While we've heard a lot over the last couple of weeks about how Patriots' receiver Wes Welker has continued to defied the odds, not a lot has been made of receiver David Patten, who has been defying odds his entire career.
After a strong senior season at Western Carolina, David Patten went undrafted, and couldn't get a feeler from an NFL team following the draft. Finally, late in the summer, Patten decided to sign with the Albany Firebirds of the Arena Football League. He played in their final regular season game, and their two playoff games. Following the season, he still couldn't land with an NFL team, spending the rest of the 1996 season without a job.
In March of '97, Patten finally got an NFL contract, signing with the New York Giants. While impressing in training camp and the preseason, Patten was part of the team's final cuts, landing on the practice squad. Nonetheless, he was quickly re-signed to the Giants 53 man roster. For three years, Patten was used as a 5th/6th receiver, and as a key player in the return game.
Following the 1999 season, Patten landed with the Cleveland Browns, where he had a career season, catching 38 passes for 546 yards while starting ten games. In April 2001, David Patten signed a four year contract with the Patriots. The next four years were history, as David Patten became a big play threat and versatile weapon for the Patriots. Who could forget his game against the Colts where he ran, threw, and caught a touchdown? What about his memorable performances in the 2001 playoffs? His resurgence as a deep threat in 2004? But this article's purpose isn't reminiscing about the OLD David Patten, it's about why not to count out the 35 year old David Patten who is currently a part of the New England Patriots, as he makes the eighth team change since his senior season at Western Carolina.
When Patten signed with the Patriots, almost everyone except for Patten himself was already counting him out. Jokes were made about how the Patriots should bring back the likes of Troy Brown, Irvin Fryar, and Stanley Morgan to solve the Patriots receiving woes. People compared the situation to when Patrick Pass was brought back last season (and lasted just over a week).
While people were happy with having David Patten on the roster, no one gave him a chance. After the Patriots brought in the likes of Taylor Price and Torry Holt, David Patten essentially became an afterthought. But Patten is already used to being an after thought, to being a forgotten man.
David Patten might not have the electrifying speed and quickness he had in his first stint with the Patriots, but he has showed he still has a lot to offer. In the first round of OTA's, without quarterback Tom Brady in attendance, Patten looked sharp, and took on a leadership role with the Patriots. At that time, I asked myself if Patten would be able to continue his strong performance as most of the team's other veterans joined the team for on-field activities.

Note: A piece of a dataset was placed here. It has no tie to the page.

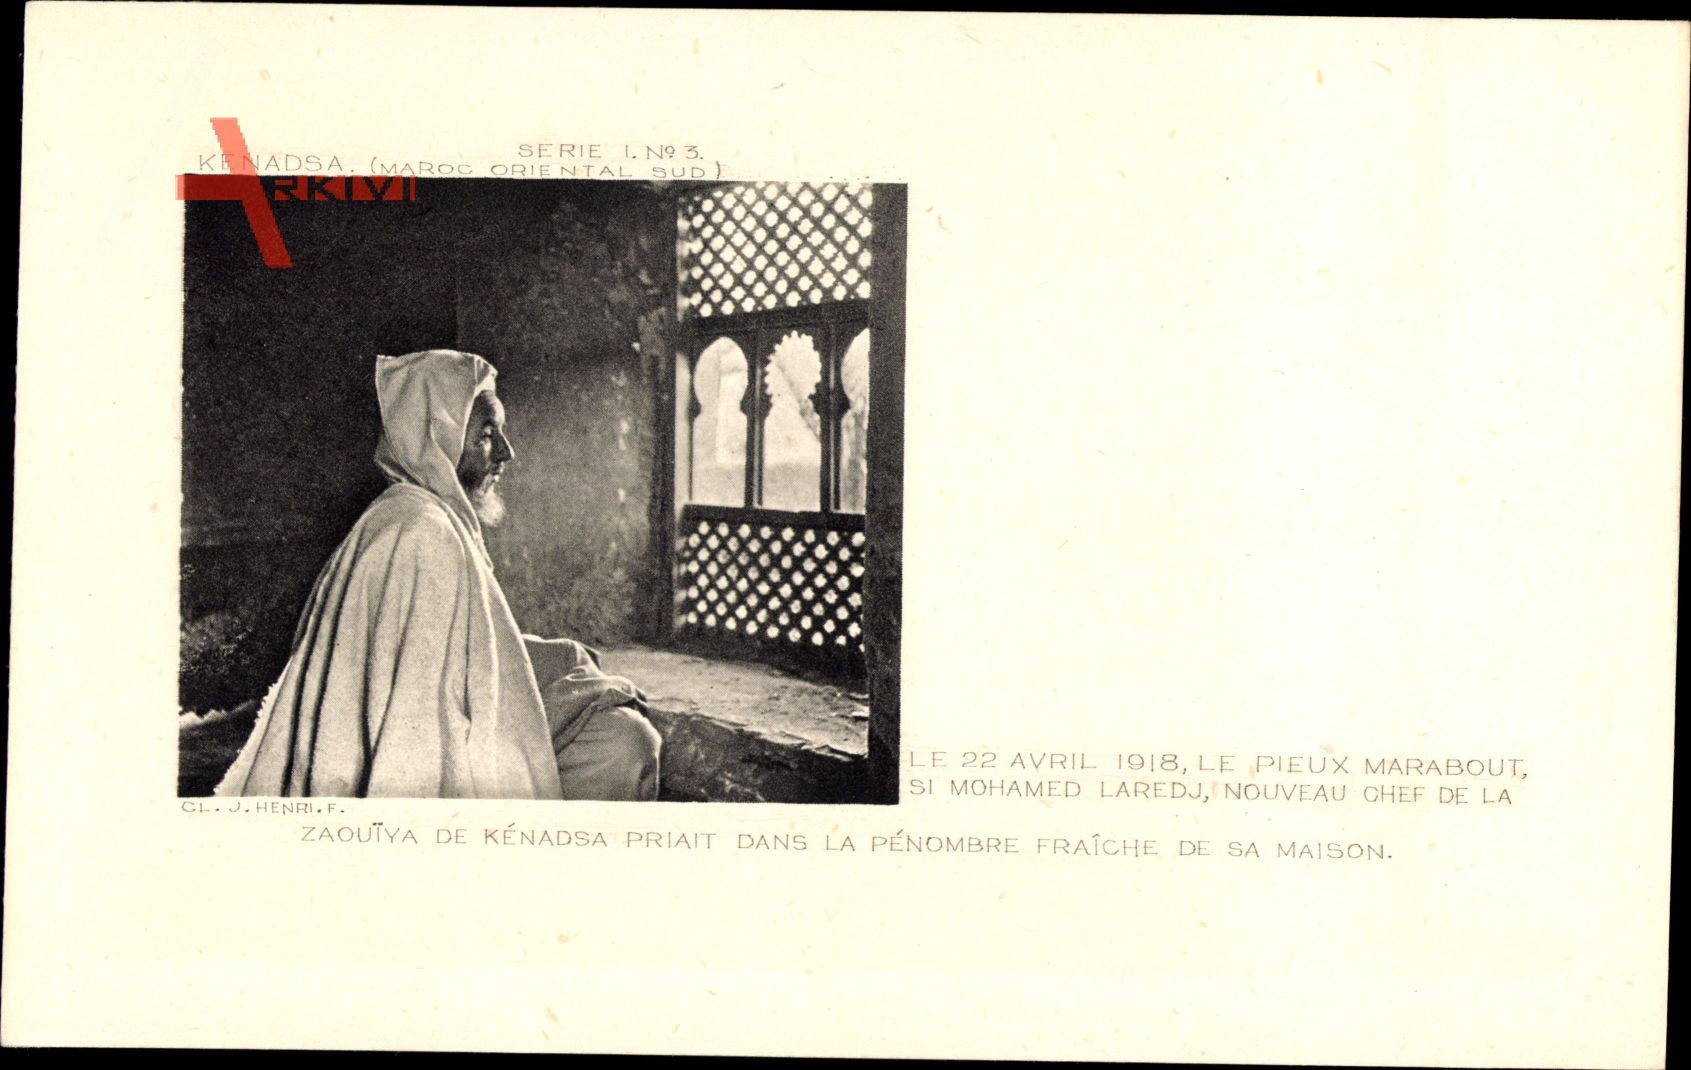 Kenadsa Marokko, Le 22 Avril 1918, le Pieux marabout, Si Mohamed Laredj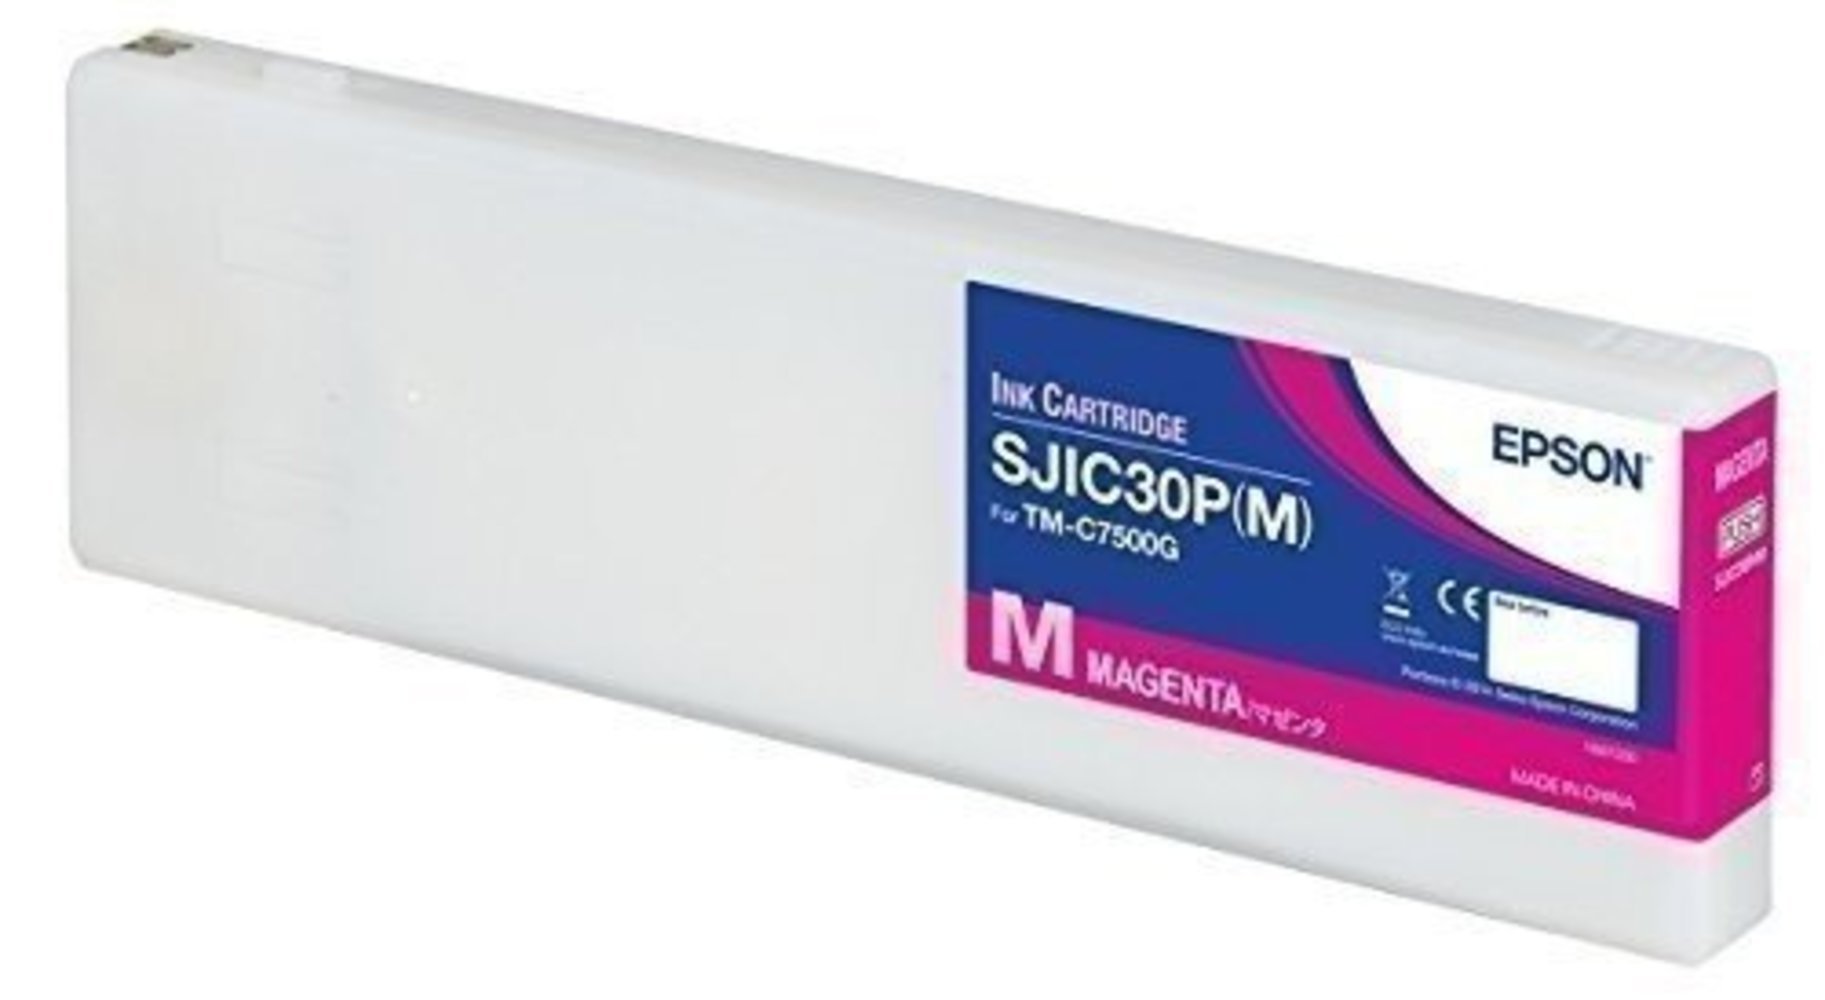 Epson SJIC30P(M) Tintenpatrone Magenta für ColorWorks C7500G

So far, Patten has answered. He almost immediately re-established a rapport with Tom Brady, becoming one of Brady's favorite targets thus far during the OTA season. He has shown he still has that quick cut ability, and is always at the right place at the right time. He has also continued to be a role model for the young receivers (like Brandon Tate), has out-shined them at times, and has been a pleasant veteran presence for the Patriots thus far.
With the crowd the Patriots have at receiver, it's hard to say Patten is anything close to a roster spot. Still, he has performed admirably so far, and is making it harder for the Patriots not to keep him, especially with the chemistry he has with Tom Brady. The point is, while we were all quick to count David Patten out, don't underestimate him. Like Wes Welker, his career has been a career of defying the odds time and time again.